Time to render tICA model in a Plumed like file

import pandas as pd 
import mdtraj as md 
from msmbuilder.utils import load
from msmbuilder.featurizer import ContactFeaturizer
from tica_metadynamics.plumed_writer import render_tica_plumed_file

#python imports
import os,glob
import numpy as np
import pickle
#make sure that you have already fit the model using the notebooks above.
tica_model = load("./tica_mdl.pkl")
top = md.load("../prot0.pdb")
# swap this for whatever you have. The code for now supports contacts, dihedral, and angles. 
feat =ContactFeaturizer([[35,79],[215,293]], scheme='ca')
# this basically maps every feature to atom indices. 
df1 = pd.DataFrame(feat.describe_features(top))
print(df1)

Output

atominds featuregroup featurizer otherinfo resids resnames \
0 [[534], [1203]] ca Contact 20 [35, 79] [ASP, VAL] 
1 [[3336], [4558]] ca Contact 20 [215, 293] [ASH, LEU]

resseqs 
0 [36, 80] 
1 [216, 294]
# to see the first 2 contacts for example 
print(df1.head())

output  = render_tica_plumed_file(tica_mdl= tica_model, df= df1, n_tics= 2, multiple_tics=None)

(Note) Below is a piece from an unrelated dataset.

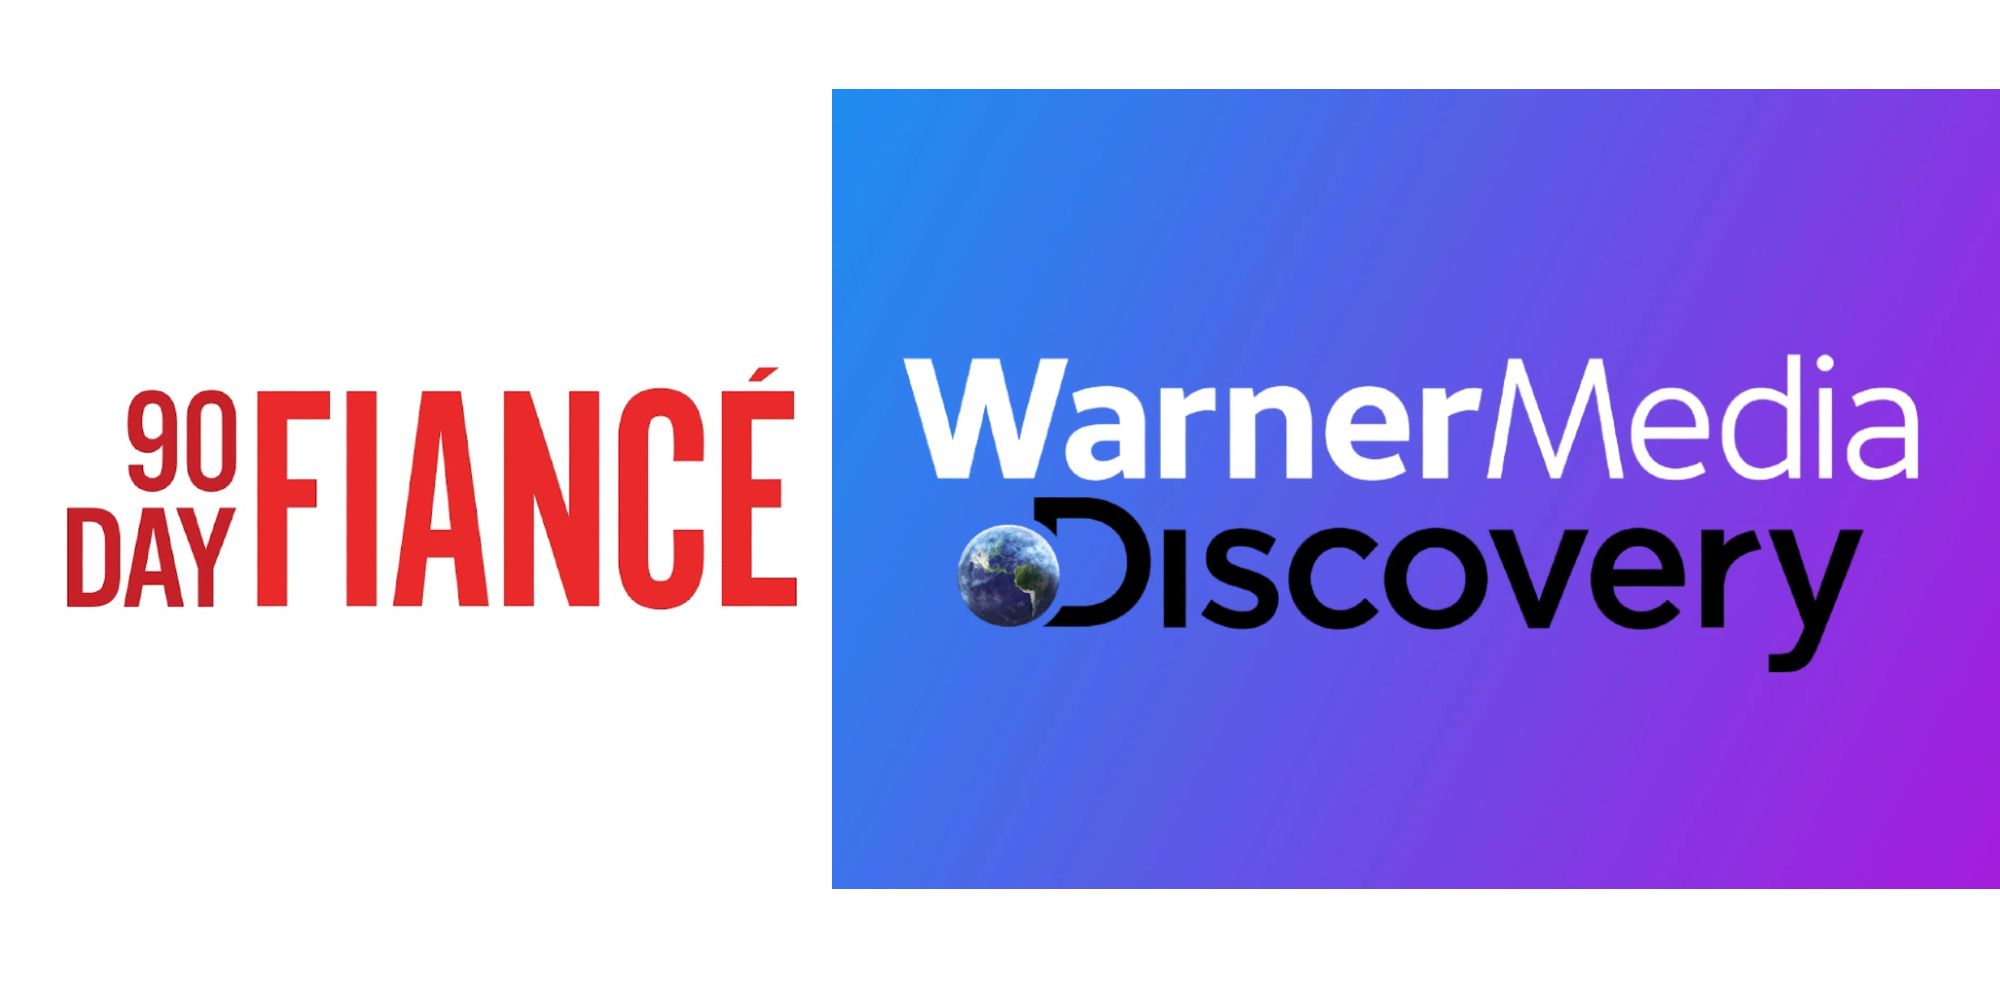 90 Day Fiancé and the Warner-Discovery merger
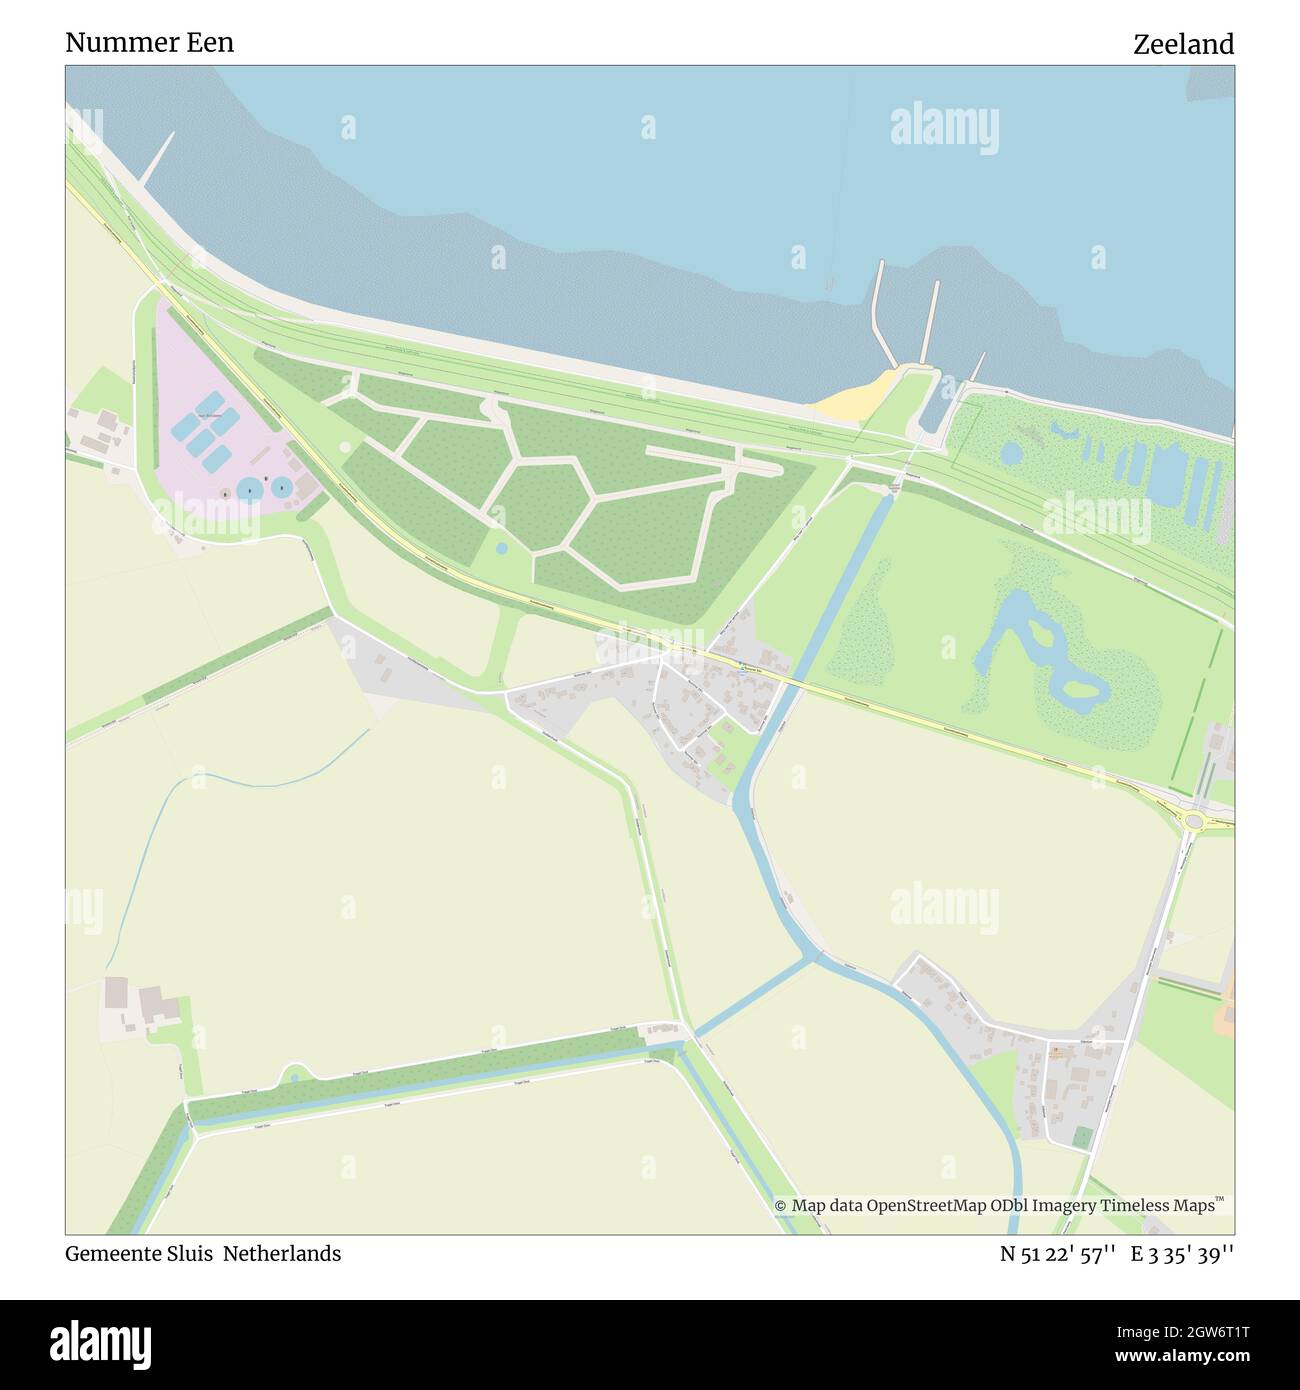 Nummer Een, Gemeente Sluis, Netherlands, Zeeland, N 51 22' 57'', E 3 35' 39'', map, Timeless Map published in 2021. Travelers, explorers and adventurers like Florence Nightingale, David Livingstone, Ernest Shackleton, Lewis and Clark and Sherlock Holmes relied on maps to plan travels to the world's most remote corners, Timeless Maps is mapping most locations on the globe, showing the achievement of great dreams Stock Photo

# output is a dictionary whose integer values are the tICs
# to get the 0th tIC
print(output[0])

# to get the 1st tIC
print(output[1])

Output

RESTART
DISTANCE ATOMS=535,1204 LABEL=ca_35_79 

DISTANCE ATOMS=3337,4559 LABEL=ca_215_293 

MATHEVAL ARG=ca_35_79 FUNC=x-1.53548354803 LABEL=meanfree_None_ca_35_79 PERIODIC=NO 

MATHEVAL ARG=ca_215_293 FUNC=x-1.49968935084 LABEL=meanfree_None_ca_215_293 PERIODIC=NO 

COMBINE LABEL=tic0 ARG=meanfree_None_ca_35_79,meanfree_None_ca_215_293 COEFFICIENTS=-0.138211254458,-11.6562007437 PERIODIC=NO 
METAD ARG=tic0 SIGMA=0.2 HEIGHT=1.0 FILE=HILLS TEMP=300 PACE=1000 LABEL=metad BIASFACTOR=50
PRINT ARG=tic0,metad.bias STRIDE=1000 FILE=BIAS 
RESTART
DISTANCE ATOMS=535,1204 LABEL=ca_35_79 

DISTANCE ATOMS=3337,4559 LABEL=ca_215_293 

MATHEVAL ARG=ca_35_79 FUNC=x-1.53548354803 LABEL=meanfree_None_ca_35_79 PERIODIC=NO 

MATHEVAL ARG=ca_215_293 FUNC=x-1.49968935084 LABEL=meanfree_None_ca_215_293 PERIODIC=NO 

COMBINE LABEL=tic1 ARG=meanfree_None_ca_35_79,meanfree_None_ca_215_293 COEFFICIENTS=-2.78923032711,-0.309608739165 PERIODIC=NO 
METAD ARG=tic1 SIGMA=0.2 HEIGHT=1.0 FILE=HILLS TEMP=300 PACE=1000 LABEL=metad BIASFACTOR=50
PRINT ARG=tic1,metad.bias STRIDE=1000 FILE=BIAS

A little bit of adjustment will give you a Plumed file which you can use for Metadynamics simulations

DISTANCE ATOMS=535,1204 LABEL=d1
DISTANCE ATOMS=3337,4559 LABEL=d2

MATHEVAL ARG=d1 FUNC=x-1.53548354803 LABEL=c1 PERIODIC=NO 
MATHEVAL ARG=d2 FUNC=x-1.49968935084 LABEL=c2 PERIODIC=NO 

COMBINE LABEL=tic0 ARG=c1,c2 COEFFICIENTS=-0.138211254458,-11.6562007437 PERIODIC=NO
COMBINE LABEL=tic1 ARG=c1,c2 COEFFICIENTS=-2.78923032711,-0.309608739165 PERIODIC=NO 

UPPER_WALLS ARG=d1,d2 AT=2.2,1.65 KAPPA=5000.0,5000.0 EXP=4,4 EPS=1,1 OFFSET=0,0 LABEL=uwall
LOWER_WALLS ARG=d1,d2 AT=1.0,1.3 KAPPA=5000.0,5000.0 EXP=4,4 EPS=1,1 OFFSET=0,0 LABEL=lwall
 
#METAD ARG=tic0,tic1 SIGMA=0.02,0.02 HEIGHT=1.0 FILE=HILLS TEMP=300 PACE=1000 LABEL=metad BIASFACTOR=15
PRINT ARG=tic0,tic1,d1,d2,c1,c2 STRIDE=1 FILE=COLVAR

Try to run plumed driver using the above input to confirm if everything is okay or not.